In Manila, they huddled on the bed together in their room, their phones and laptops set up around them to form Command Central.

"Data point," Alex announced, pointing at his note-taking app. "Gabe spent the entire pre-show period on the phone with Erin instead of playing pranks, being annoying, or ingesting chemicals."

Ryland consulted his own notes. "To be fair, Gabe was also sick as a dog today."

"Sick due to some sort of actual medical problem, not being hungover."

"You know, not too long ago we were praying for him to have actual medical problems."

"That was then, this is now. Focus, Blackinton." Alex tossed his phone down and grabbed his laptop. "Okay, we have to do something."

"What do you have in mind?"

"What was that bar we went to in Tokyo that one time?"

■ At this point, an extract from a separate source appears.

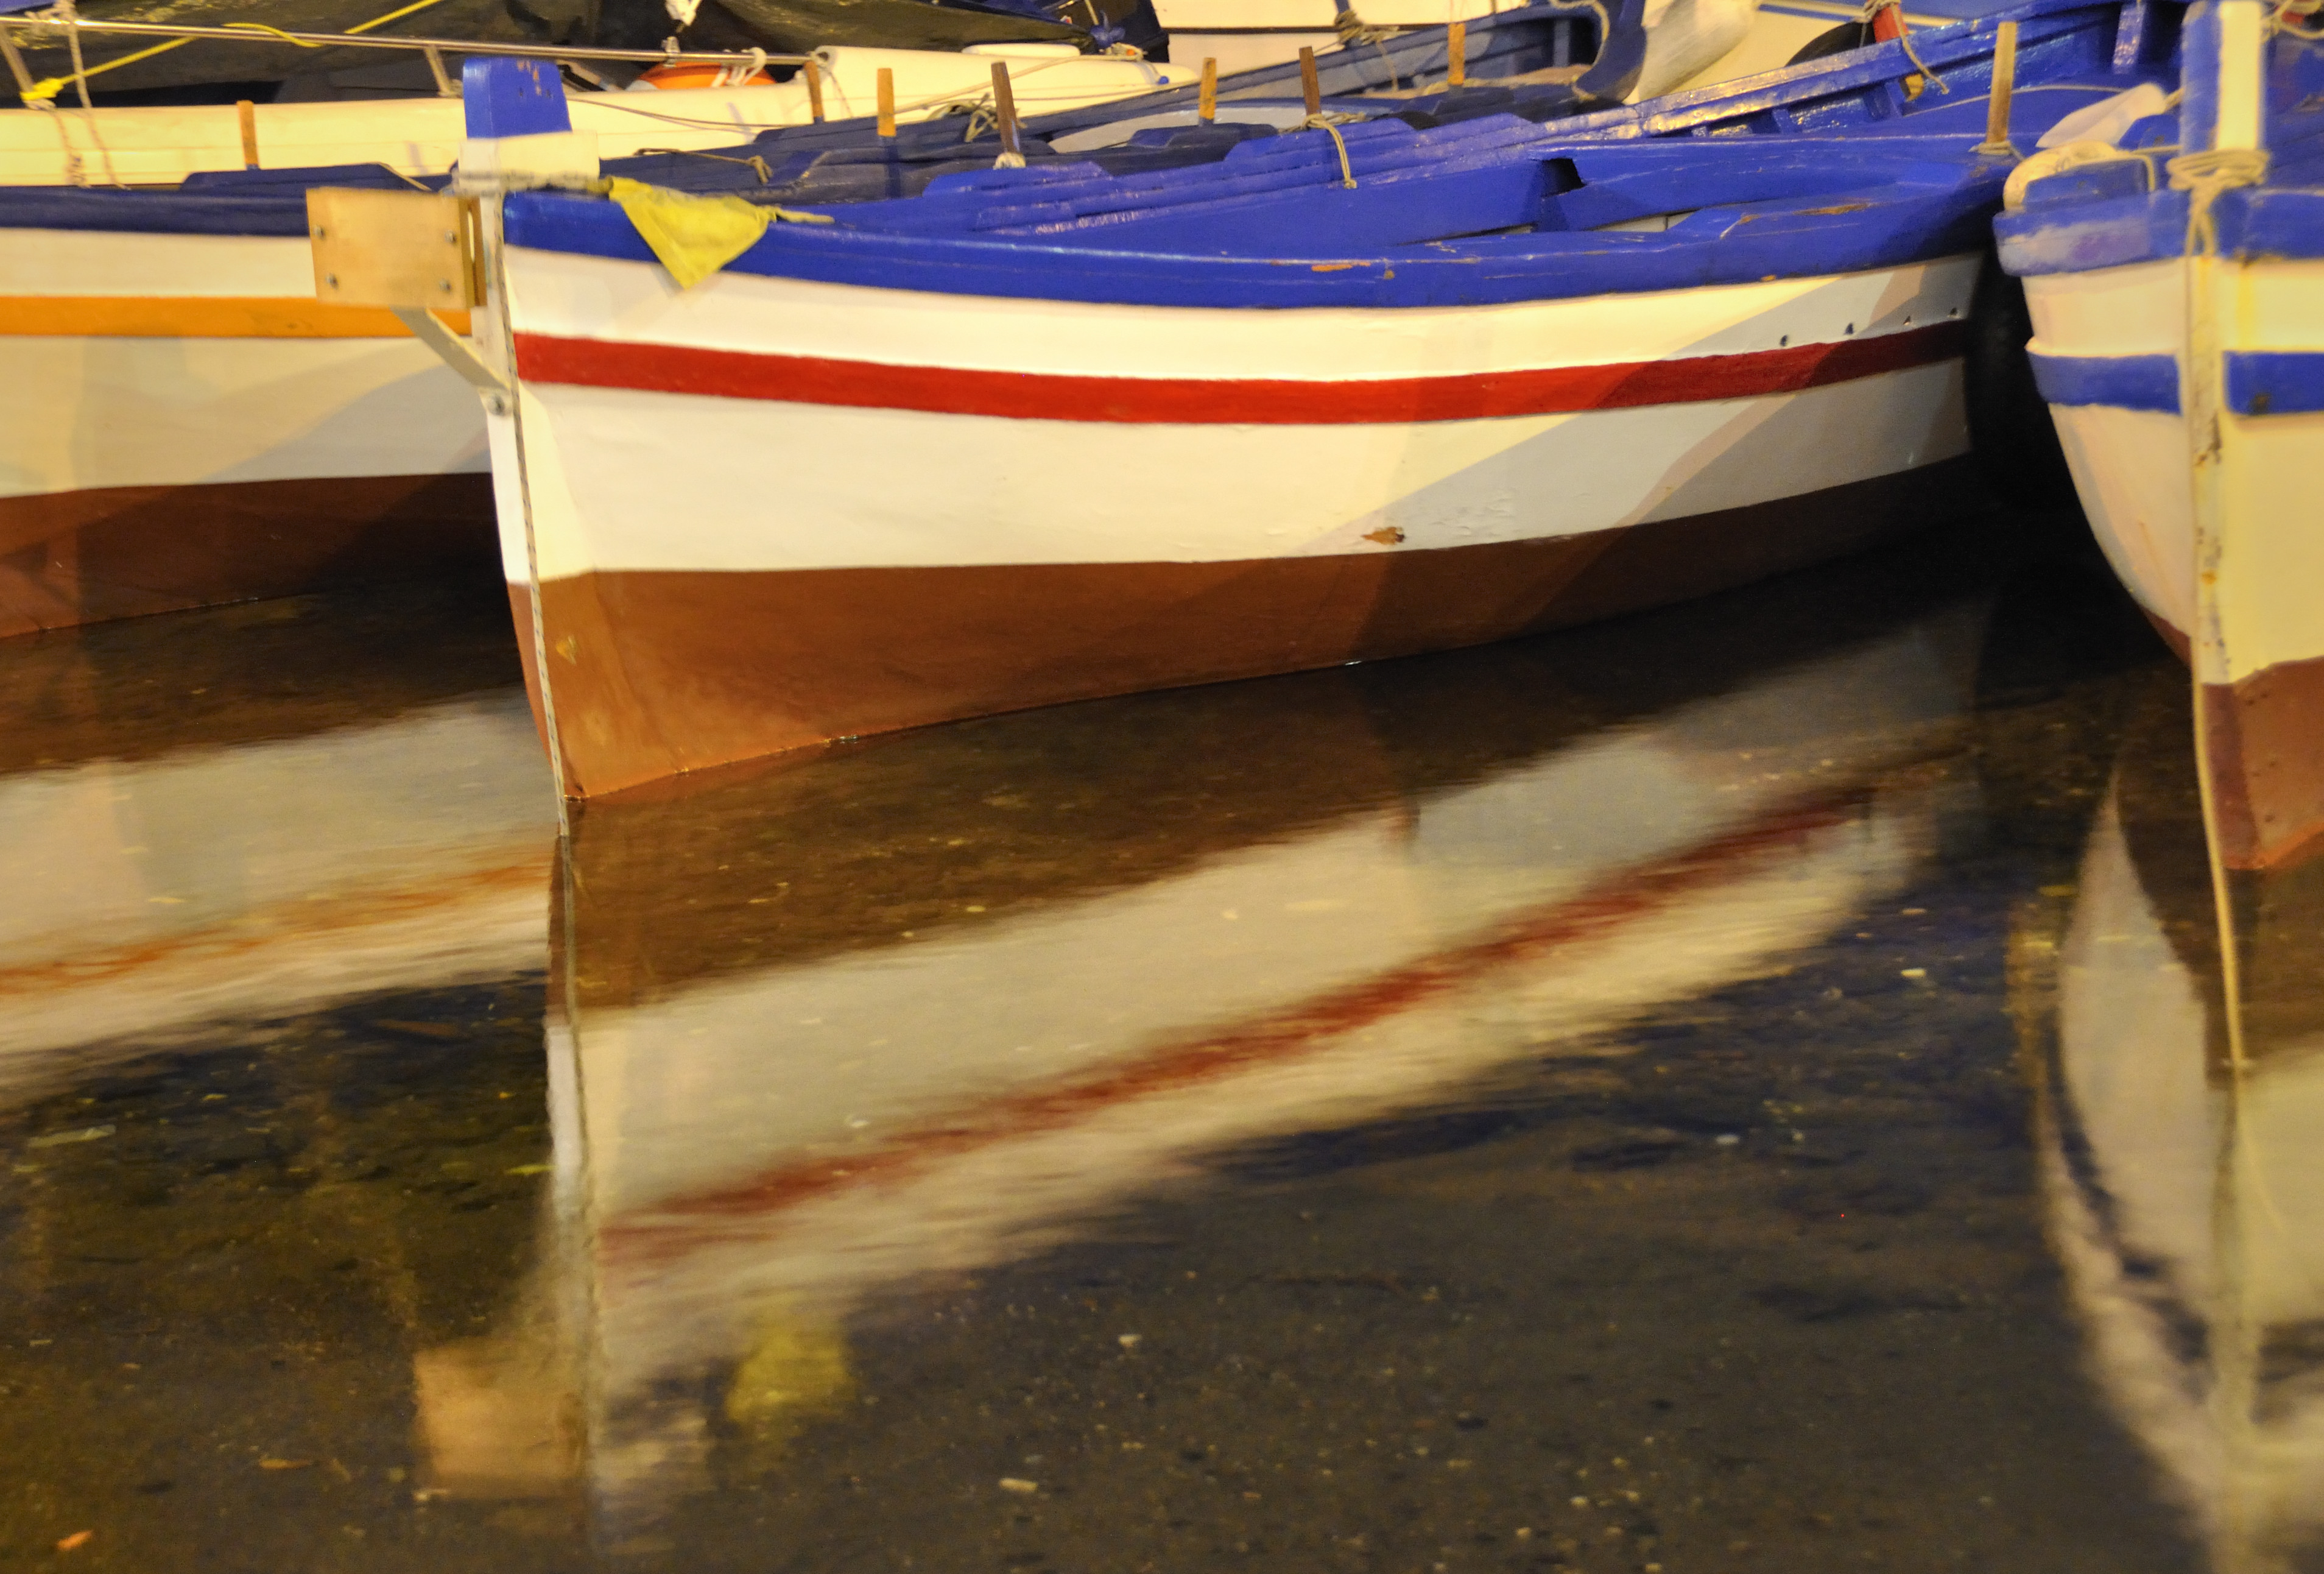 Yatching porto ulisse ognina catania sicilia taly - creative commons by gnuckx photo

Ryland sat in silence until Alex looked at him. "You're going to have to be more specific."

"The one with the booze," Alex said.

"Don't talk to me again for half an hour." Ryland lifted his laptop to hide his face. "You're on probation."

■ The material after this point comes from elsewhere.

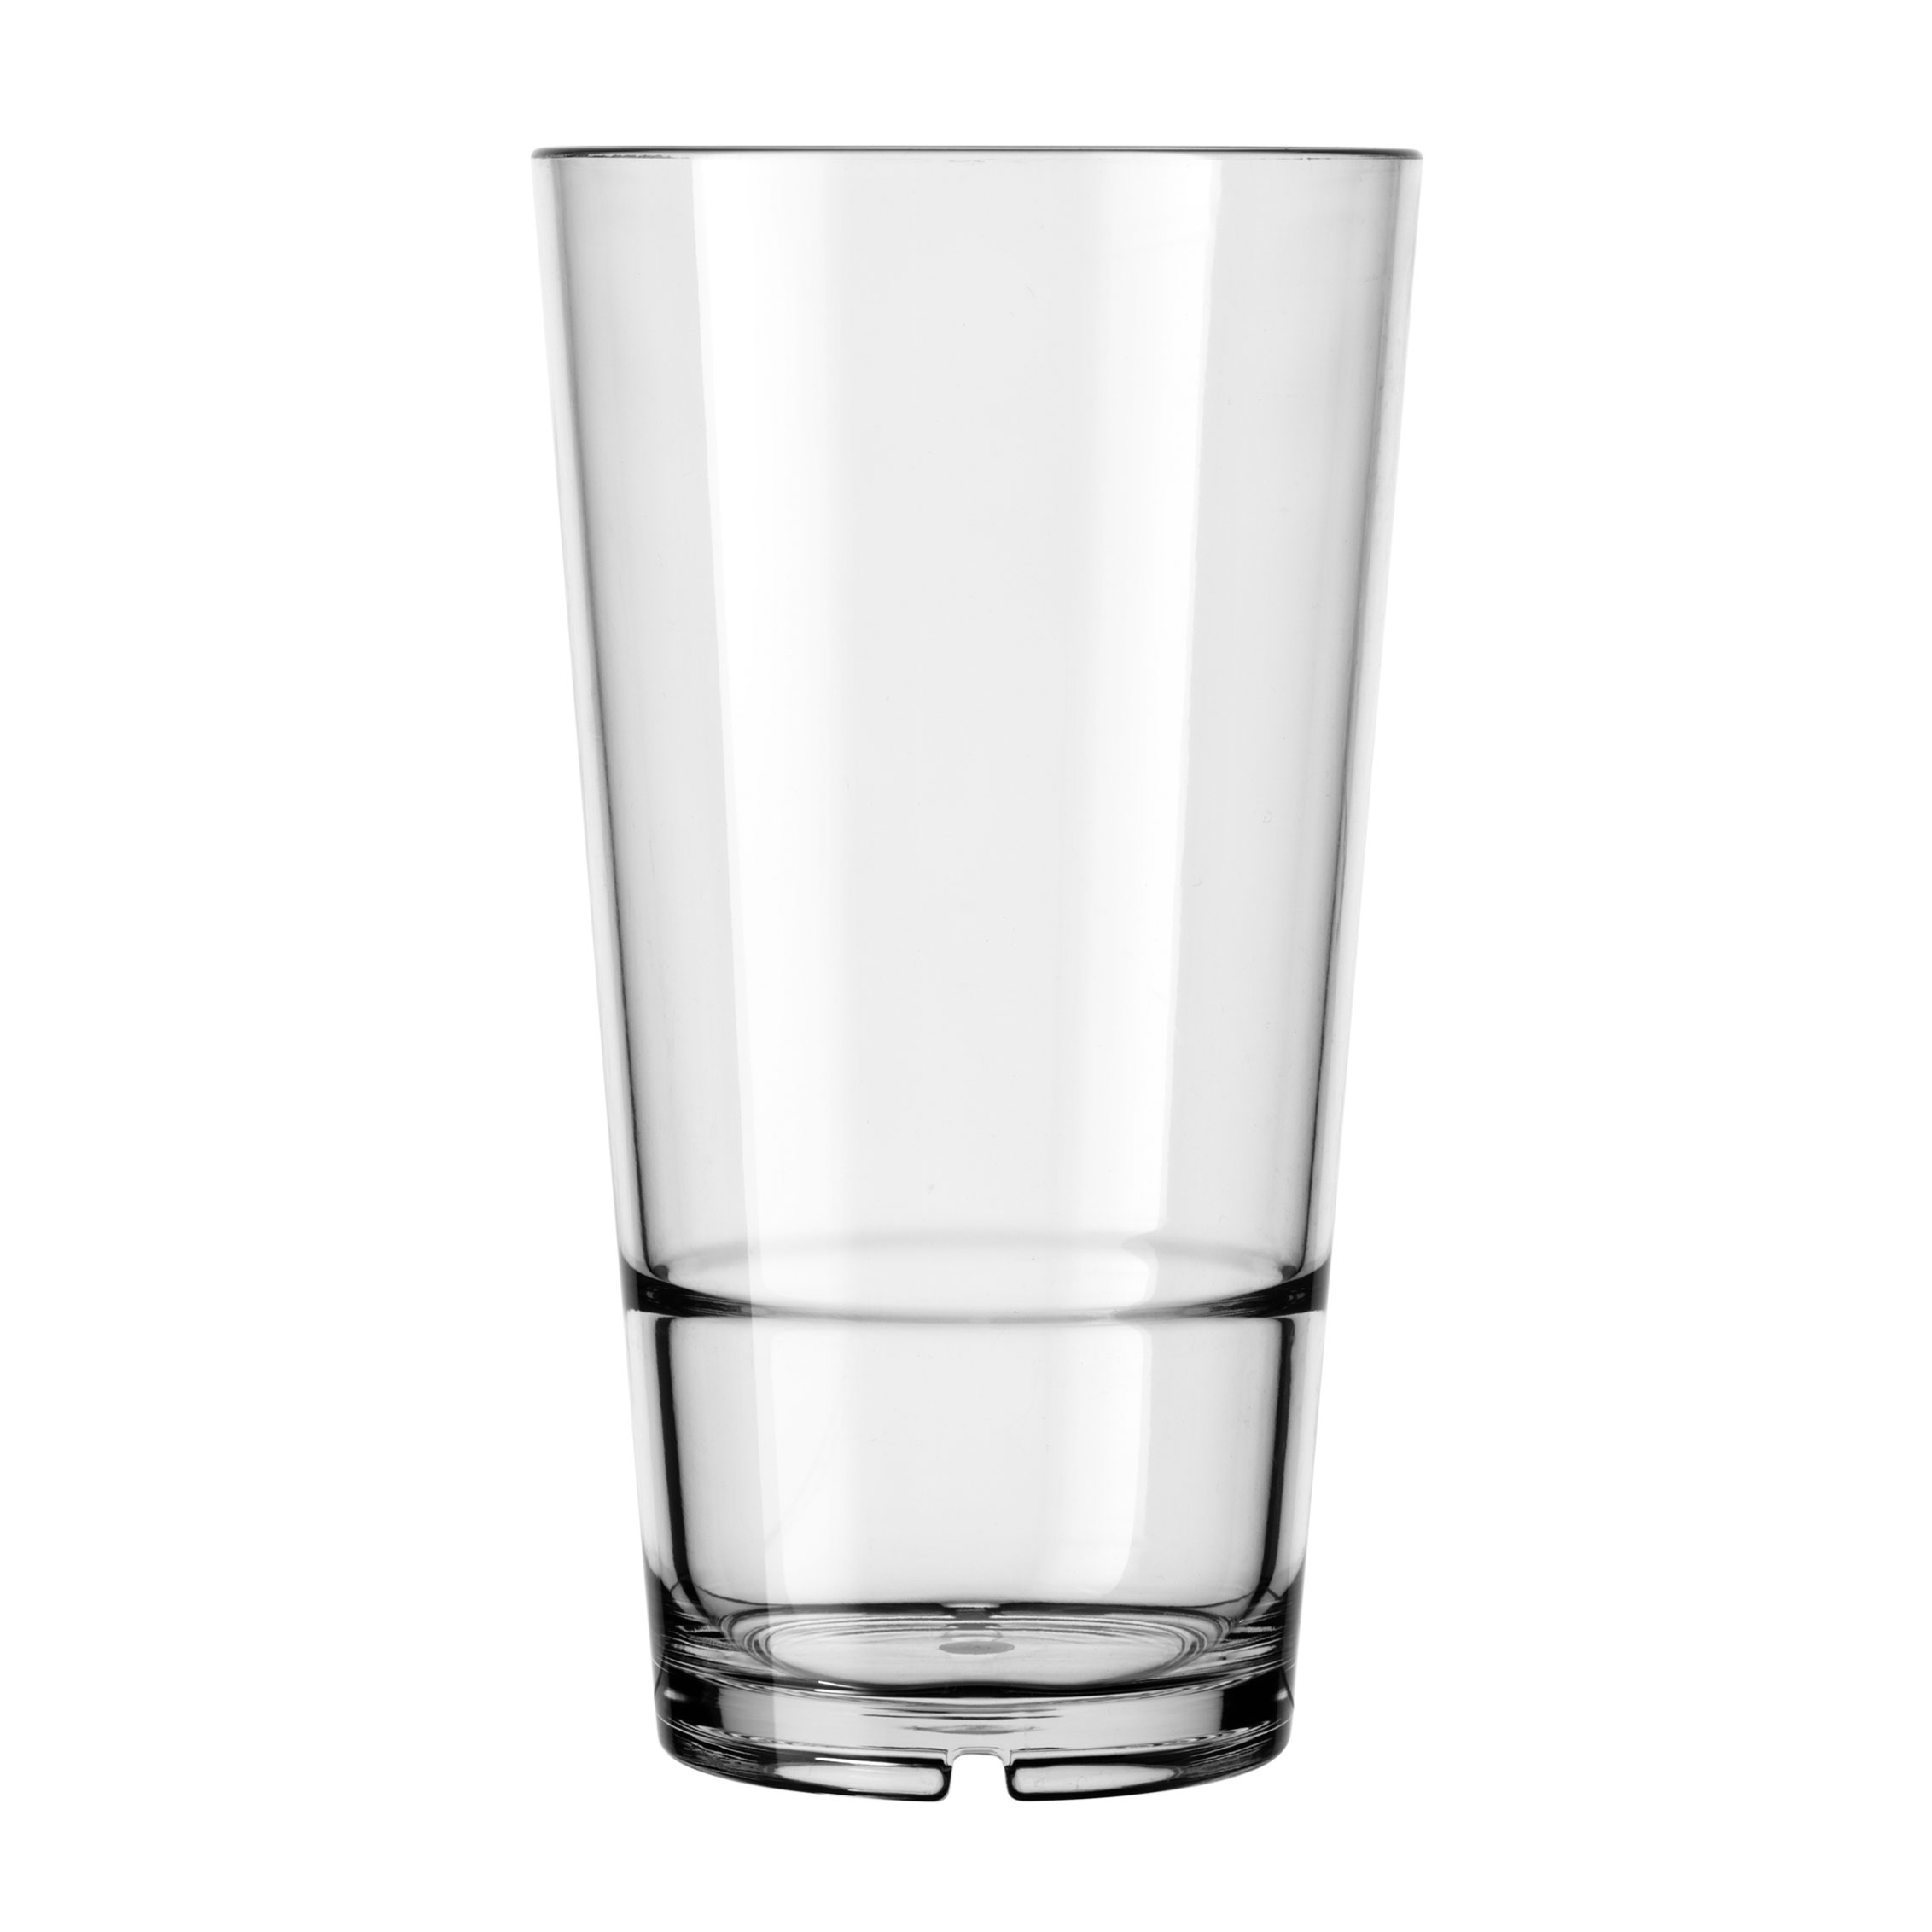 Libbey Glass 92449 glassware, plastic

"Fine. Any bar in Tokyo will do."

"Probation, Suarez."

Alex sighed and stretched out on his stomach, clicking around the screen. "Fine. Be that way. I'll figure this out myself."

"You couldn't party-plan your way out of a paper bag. Give me that."

"That doesn't even make sense."

"Neither does your face!"

Party-planning for Tokyo was temporarily tabled for a pillow fight. A very badass pillow fight to the death, if anyone should ever ask.

**

The dawn of their last morning in Tokyo found Ryland with his head pillowed on a pair of Alex's shoes and Alex with his head inside the overturned trash can.

Their phones rang simultaneously, prompting simultaneous moans of despair. Ryland jabbed at his until it came on in speakerphone.

"Good morning, assholes," Victoria growled. "I hope you're as miserable as I am right now. Actually I hope you're more miserable than I am right now. Taxi to the airport leaves in twenty minutes. If you miss it, I will fucking celebrate."

The phone went dead and Ryland squinted at Alex. His head was still inside the trash can, but he seemed to have managed to get his phone in there and listen to it normally. "Who did you get?" Ryland asked when the phone emerged again and feebly flopped to the carpet.

"Gabe." Alex whimpered and pulled out of the trash can slowly. "He's not feeling so great this morning."

"Neither is Victoria. Neither am I."

"I have to go throw up my liver before we go to the airport," Alex said. "What did we do last night?"

"We partied like Cobras." Ryland slowly turned onto his stomach and buried his face against the floor. "Why the fuck did we think that was a good idea?"

"It was a horrible idea."

"It was your idea."

"I thought you wanted to be wild and crazy again. And not-jaded. And we decided that getting drunk and partying like old times would be the best way to achieve that."

Ryland lifted his head and looked at him. "Let's embrace being old. I love being old."

Alex nodded slowly. "We can start wearing high-waisted pants and those little hats."

"Bow ties. And suspenders with belts."

"I'll carry a cane and call people 'whippersnappers.'"

Ryland extended his hand for a shaky fist-bump. "New plan. Best one ever."